Editor's note: This article has been updated since publication to reflect changes in the Floyd case.
Bill de Blasio, who is projected to skate into City Hall as New York’s next Mayor, has earned enormous voter support based, at least in part, on his early and unrelenting attacks on the New York Police Department’s controversial “Stop, Question and Frisk” policies. Now, the likely next mayor is set to become the putative defendant in Floyd v. City of New York, the landmark lawsuit that challenged and had seemed just months ago to end the policy on the grounds that it was unconstitutional and racially discriminatory.
On Thursday, just days before New York City’s mayoral election, the US Court of Appeals for the Second Circuit blocked the remedies imposed by the trial judge who found in August that the department’s stop-and-frisk practices violated the constitutional rights of young black and Hispanic men who were stopped and searched without legal basis. The Second Circuit’s three appellate judges were also sharply critical of federal District Court Judge Shira Scheindlin, who presided at the Floyd trial, and took the rare step of removing her from the case and having it reassigned it to another judge, Analisa Torres.
Following a trial and deliberation period that lasted over seven months, Scheindlin had issued a lengthy decision  analyzing the evidence and the law, concluding that changes had to be made in the way the NYPD did business; Scheindlin’s remedies included setting up a monitor position to to oversee wayward cops.
Following her August decision and order, Scheindlin issued a stay or delay in implementing it so the City could appeal. Earlier this week the appeals court criticized the City  for its tardiness in seeking a permanent stay. But on Thursday they issued an order that de Blasio, as well as lawyers for the Floyd plaintiffs have called, “shocking” and “outrageous.”
While the three appellate judges were to consider only the stay, leaving other issues for the actual appeal, they nevertheless displayed uncommon hostility toward Judge Scheindlin's actions, findings, and even toward Scheindlin herself. In excoriating language from the bench, they found that she was not impartial, that she gave inappropriate interviews, and that she had improperly encouraged the litigation. That last point referred to the fact that three years ago Judge Scheindlin had indicated that she would be the judge if a lawsuit was commenced, since she had already heard a similar, “related” case which she had decided in favor of the City.
But according to one of the plaintiff’s lead attorneys, Jonathan Moore, she was the appropriate judge because a new case such as Floyd would test whether the City was in compliance with her orders in the original case, Davis v. City of New York. She was saying, according to Moore, “‘I have been with the case for eight years. I have to deal with the question of violations and deliberate indifference to constitutional issues.’”
Moreover, the City had not objected to the new case, Floyd, going to Scheindlin, one of the most liberal federal judges, despite her prosecutorial background. What the City did do in the middle of the trial, however, was release a report on her which attorneys for the plaintiffs say was not only improper but was meant to influence the judge and have a chilling effect on her—in other words, intimidate her.

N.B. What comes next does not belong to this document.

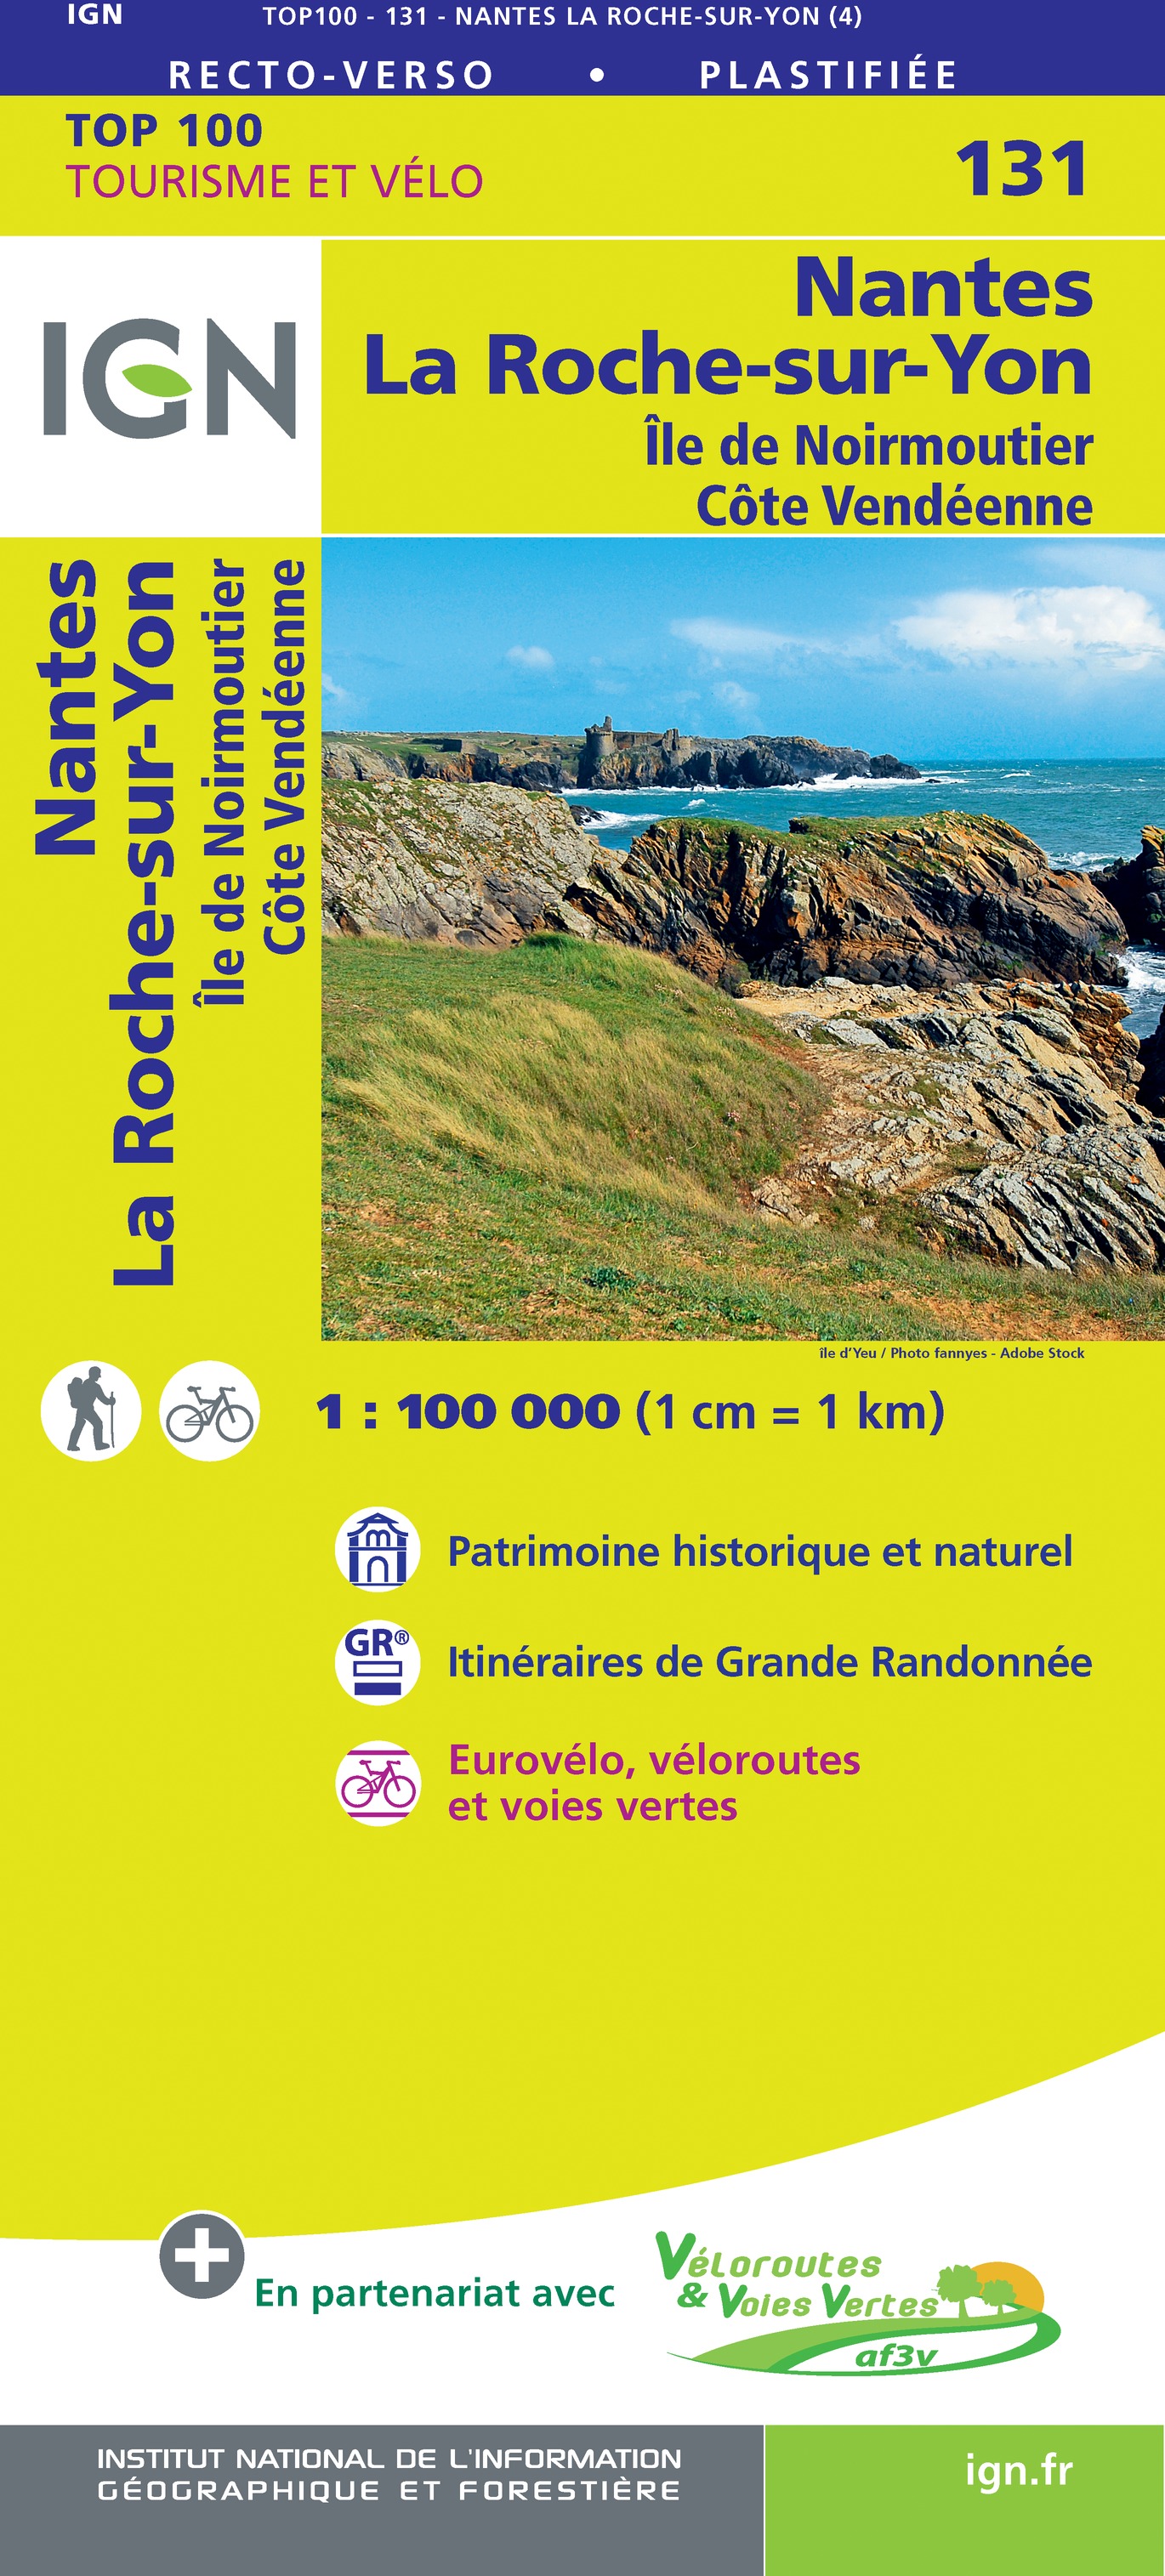 Online bestellen: Fietskaart - Wegenkaart - landkaart 131 Nantes - La Roche-Sur-Yon | IGN - Institut Géographique National

Moving forward, Moore, the NYCLU, the Center for Constitutional rights and attorneys representing the Floyd plaintiffs have said there will be an application for an en banc hearing, or an opportunity to be heard by the entire appellate bench, not just three of its members. Moore intends to ask the three judges who issued this week’s order to recuse themselves because of their inflammatory statements about Scheindlin—statements which did not involve the issue before them, and which the plaintiffs had no opportunity to argue. While judges do not get to correct accusations made about them, Scheindlin did issue a statement in her own defense, saying that although she did give some interviews, they were intended to correct what the city was saying about her being biased, and that she never discussed the case with the media.. In yet another ironic twist, the three appellate judges, John M. Walker, José A. Cabranes and Barrington D. Parker, assigned the future of the case to themselves, perhaps finding the appeals to come “related” to the motion for a stay.
Christopher Dunn, legal director of the NYCLU, says that the plaintiffs will continue the fight. The City’s lawyer, Michael Cardozo, has expressed delight that yesterday’s ruling sent the case to be relitigated before a new judge. But, given the probability of a de Blasio win next week, a new trial appears unlikely.
Whether by random selection or not the case was at first reassigned to Judge John Koeltl. However, he has declined the case, which is unusual for a sitting judge who does not have senior status. It is unknown whether he has a conflict of interest which would disqualify him, or whether he's been bruised enough. (He has also been the subject of an extraordinary order from the Circuit forcing him to change his sentence of lawyer Lynne Stewart from 18 months to 10 years.)
The latest assignment is to Analisa Torres, a relatively inexperienced judge with a decidedly liberal background. As a state judge she suppressed evidence in a public housing arrest arising out of an unlawful search. Considering how new she is to the federal bench this must have been a random assignment, as it is unlikely that such a new appointee would have been hand picked for a case with such high visibility. Yet if the case is not going to be retried it may be moot.
The big question now for the future of stop-and-frisk is, what happens to the case and to the practice under a de Blasio administration? For now, none of Scheindlin’s remedies, including the involvement of the monitor she has already appointed, have any effect. The appeals court has scheduled submission of briefs for early in the new year, soon after the mayor is sworn in. It is so far unclear who will fill high level appointments, including the Corporation Counsel and the Police Commissioner, during the campaign de Blasio specifically said that neither the current head of the Law Department, Michael Cardozo, nor Police Commissioner Ray Kelly would be asked to join his administration.
In the meantime a legal team will have to be in place, but more important, so will a strategy. Consistent with the position of candidate de Blasio, motions for a stay and even an appeal might be withdrawn. To continue the appeal and therefore challenge Scheindlin’s decision would require a reversal of de Blasio’s platform and, presumably, his political philosophy—that is, it would mean agreeing with the Bloomberg-Cardozo-Kelly camp that there was no pattern of constitutional violations, and even agreeing that perhaps the judge was biased, and that the remedies should not be imposed.
That would be a schizophrenic and brutally cynical result. In January, then, Mayor de Blasio could direct his Corp Counsel, whoever that might be, to withdraw the appeal, leaving Judge Scheindlin’s decision and Order in place. Without a party appealing, there is no appeal. No appeal, no reversal. Liability for the unconstitutional conduct has already been established and is the law of the case. The Circuit court cannot, on its own, simply undo the trial and its results, and have a new trial without reversing the existing decision and order after an appeal. The role and powers of the newly assigned Judge Torres are unclear.
Moore says, “We have seen outrages, but this is one of the most outrageous slaps at judicial independence. It is a warning, if you take on city government you are going to be slapped down. It is a travesty of justice. This time it’s the federal appeals court saying: ‘To People of New York: Drop Dead’”
In the meantime, the City Council has, over Mayor Michael Bloomberg’s veto,
enacted local legislation requiring a police Inspector General, a kind of ombudsman within NYPD, but that person would not necessarily be charged with monitoring stop-and-frisk practices.
At this point in the struggle over the practice, at least one thing is clear: As the Mayor-elect interviews candidates for his administration, the words stop, frisk and monitor are surely part of the conversation.